A PNRS preconiza que a reciclagem é um dos elementos fundamentais para garantir a efetividade de uma gestão adequada (OLIVEIRA; GALVÃO, 2016). Sendo assim, concebe formas de incluir os catadores nos planos de gerenciamento municipais e garantir um maior suporte para suas formas de organização. E, para isso, determina que devem ser estabelecidos acordos entre o setor empresarial e público para promover a logística reversa, além de citar a necessidade da criação de um “programa visando à melhoria das condições de trabalho e às oportunidades de inclusão social e econômica dos catadores” (JACOBI; BENSEN, 2011, p.

139). Além disso, a lei também reforça que, além de gestores dos materiais recicláveis, os catadores são agentes ambientais (ABRAMOVAY; SPERANZA; PETITGAND, 2013).

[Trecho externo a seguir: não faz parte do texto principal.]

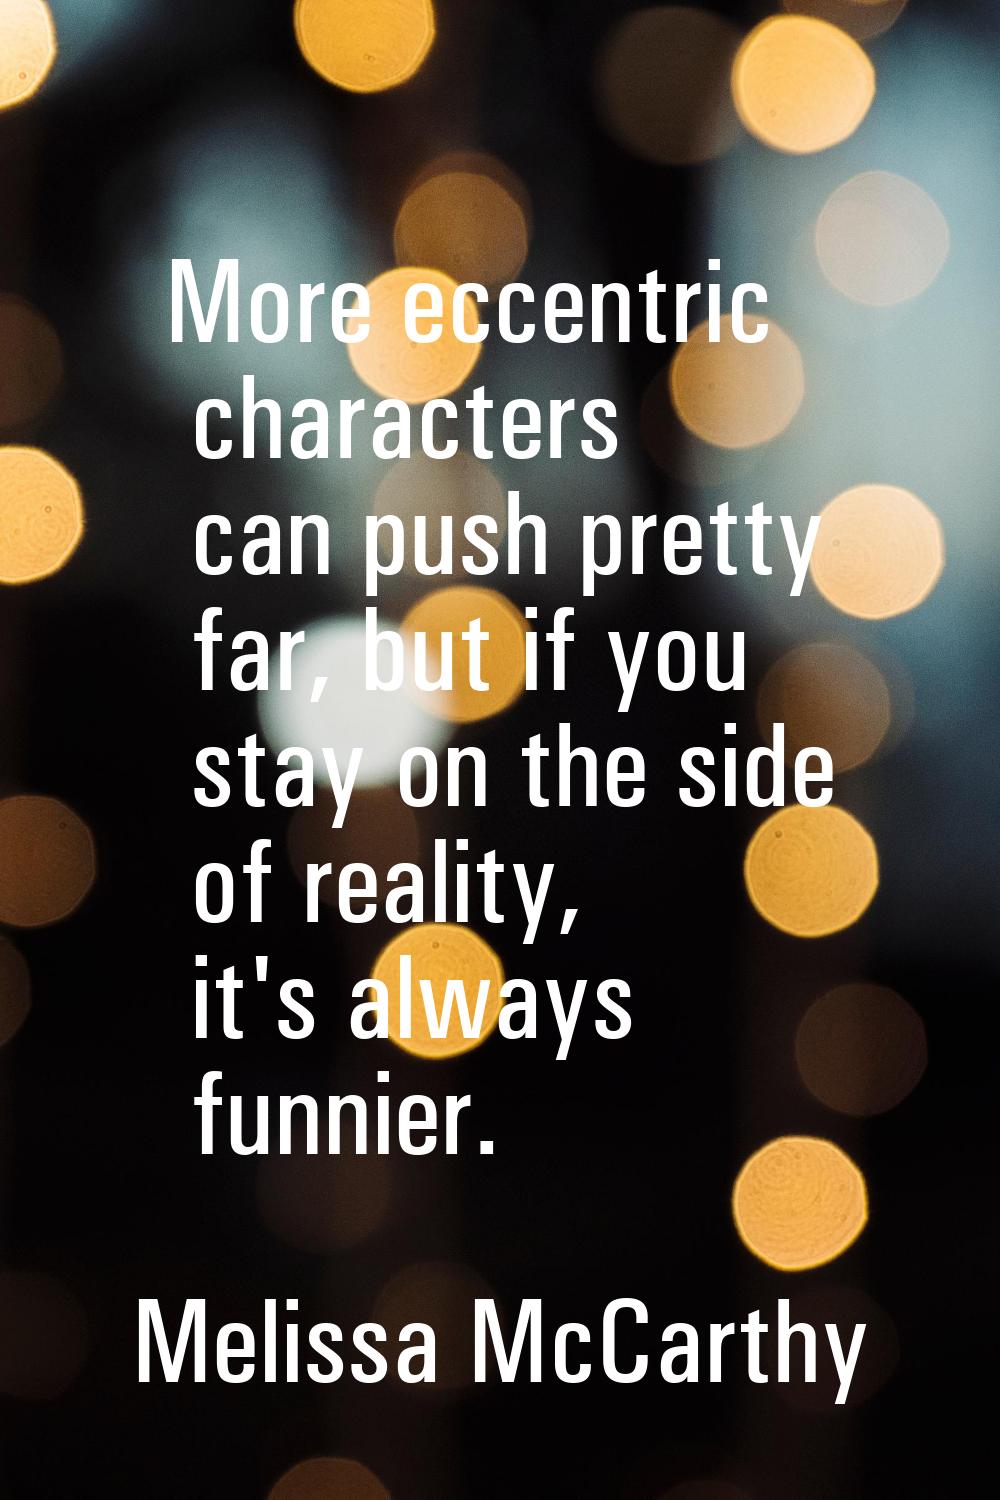 More eccentric characters can push pretty far, but if you stay on the side of reality, it's always

O conjunto de ações capaz de englobar diferentes áreas do conhecimento; que esteja articulado às práticas de planejamento, operacionais e normativas; que inclua os princípios de prioridade estipulados pela PNRS, envolvendo população, produtores, município e catadores;

que monitora todo o ciclo dos resíduos e garante sua destinação final adequada, aplicando estratégias condizentes às particularidades locais, pode ser classificado como Gestão Integrada dos Resíduos Sólidos, e tem grandes chances de garantir um ambiente saudável (social, econômico e ambientalmente) à sua população (JACOBI; BESEN, 2011; MONTEIRO et al., 2001; OLIVEIRA; GALVÃO, 2016; SCHALCH et al., 2002).

3.1.3 Panorama Brasileiro

Segundo dados do Panorama dos Resíduos Sólidos no Brasil, produzido pela Associação Brasileira de Empresas de Limpeza Pública e Resíduos Especiais, a geração de resíduos estimada no ano de aprovação da Política Nacional dos Resíduos Sólidos (PNRS) era de 60.868,080 ton./ano (ABRELPE, 2010) e em 2018 era de 79.069,585 ton./ano (ABRELPE, 2018/2019). Ou seja, houve um aumento de quase 19.000 toneladas.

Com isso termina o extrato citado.